紫原 そうですか。「❤(イイネ)」をそっとつけたりとか?

枡野 つけなかった、つけなかった! いつもは、僕の悪口とか書いてる人見つけたら「❤(イイネ)」押すんだけど。エゴサーチが日課だから。息子にはさすがにそれやめようと思って。やめました。

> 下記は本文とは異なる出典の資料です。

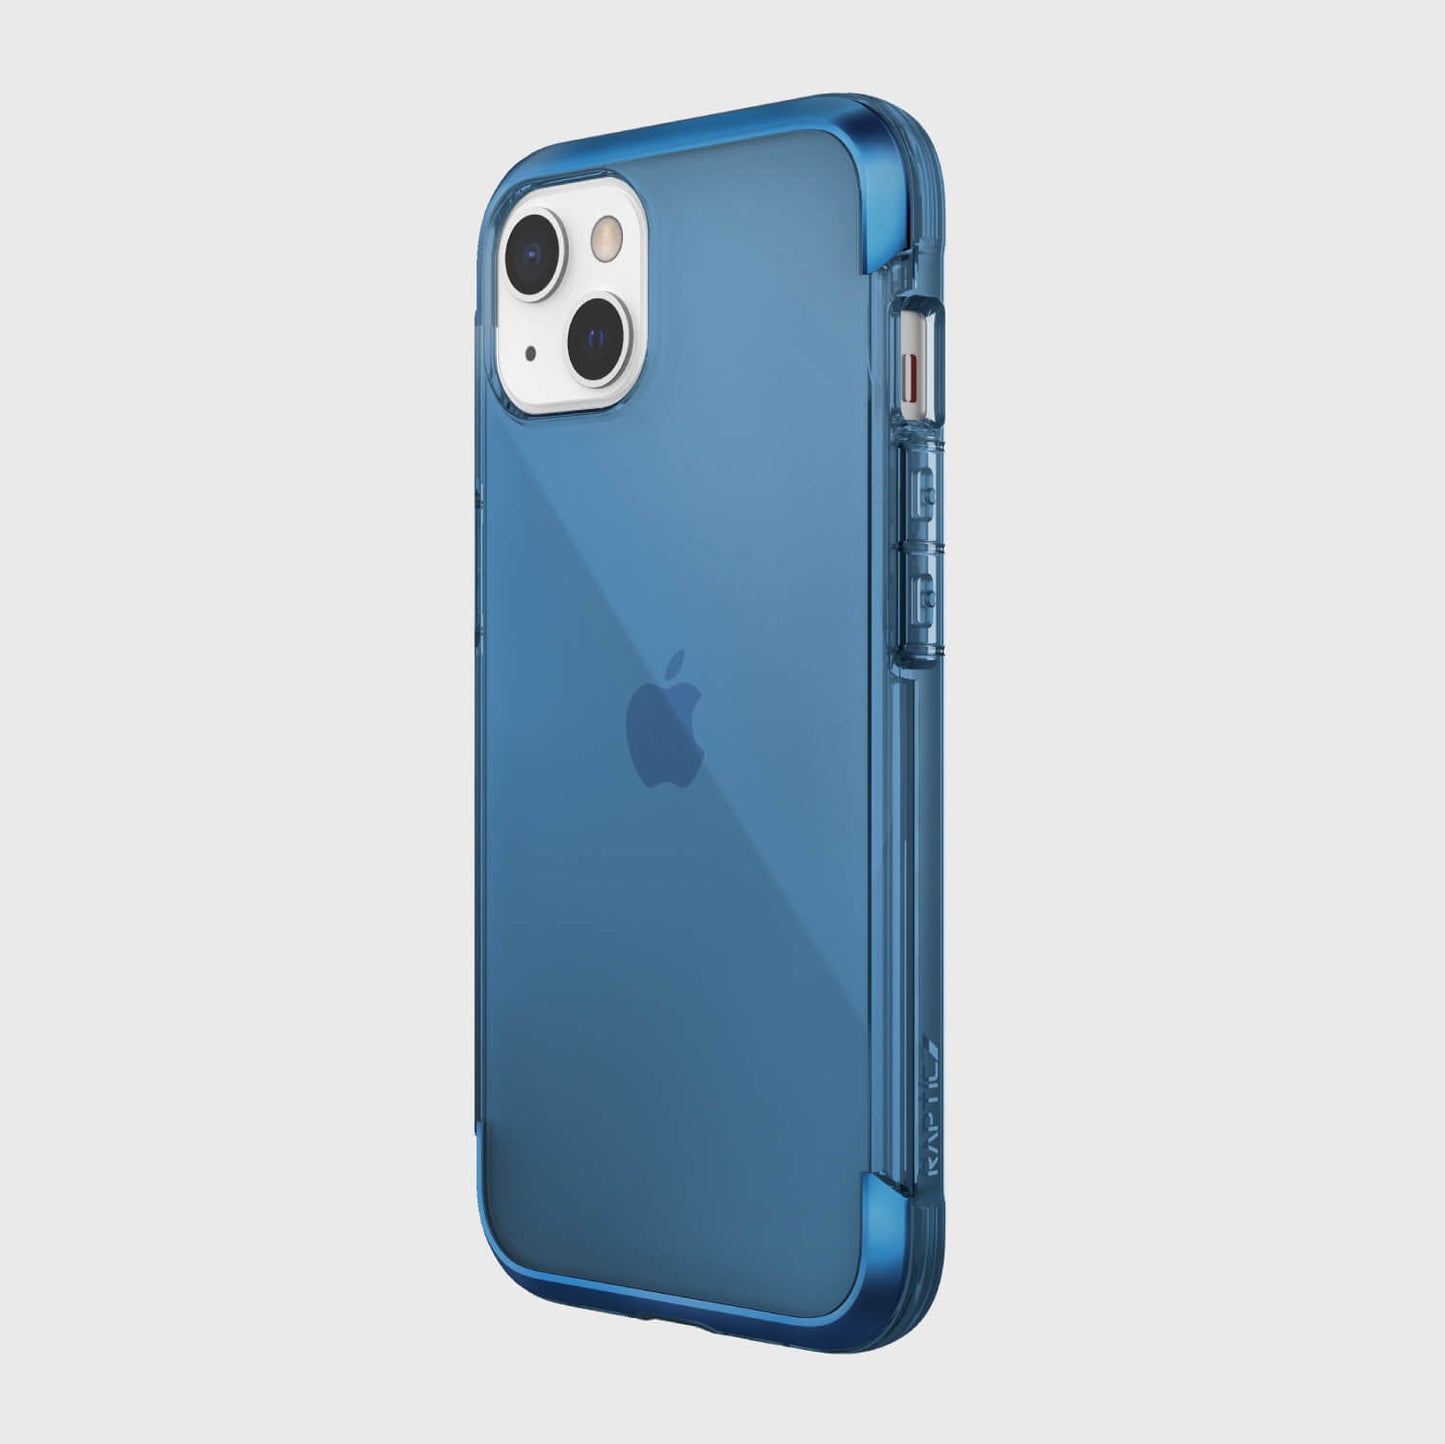 The drop-proof back of an iPhone 13 Case - AIR by Raptic in blue, providing wireless charging compatibility and 13-foot drop protection.

紫原 そうですね。それはちょっと大きな「❤(イイネ)」ですもんね。

枡野 そうそう。いま、『枡野書店』という小さな仕事場(兼フリースペース)やっているのも、こうやって場所を公開し続けていると、どっかで(息子が)いつか来るんじゃないかっていう期待があるのかもしれない。

 

[第4回の注釈]

■ジョン・レノン
ミュージシャン。元ビートルズ。1940年生まれ、80年没。29歳のときにオノ・ヨーコと再婚し、6年後に第一子が生まれた際に「ハウスハズバンド(専業主夫)宣言」をし、音楽活動を休止し、育児と家事に専念した。オノ・ヨーコはビジネスを担当した。前妻であるシンシアとの間にも子どもがいたが、その当時は一切育児も家事もしなかったという。

■『噂の真相』
「反権威スキャンダリズム」を標榜していた雑誌。政治家や芸能人のみならず、作家や文化人のスキャンダルも平然と記事にしていた。2004年に休刊。枡野浩一と元妻は交際時に路上を手をつないで歩いているところを盗撮され、「人気女性漫画家と新進歌人の交際」としてモノクログラビアページに掲載された。

■『もう頬づえをついてもいいですか』
枡野浩一・著。≪無声映画を観るように読む、極私的映画コラム集。AからZのアルファベットで始まる26本の映画について、歌人・枡野浩一が短歌を詠み、語る。独自の視点と率直な語り口の映画コラムは、可笑しく切なく綴られ、ときに私小説にも近づく。≫(amazon内容紹介より)

■長嶋有
小説家。ブルボン小林名義で漫画・ゲームの批評もおこなう。『サイドカーに犬』が第92回文學界新人賞を受賞し、小説家デビュー。同作は映画化もされた。「猛スピードで母は」で第126回芥川賞受賞。『夕子ちゃんの近道』で第1回大江健三郎賞受賞。枡野浩一の『結婚失格』には「真夜中のロデーボーイをふりかえる」という長嶋有の特別寄稿が収録されている。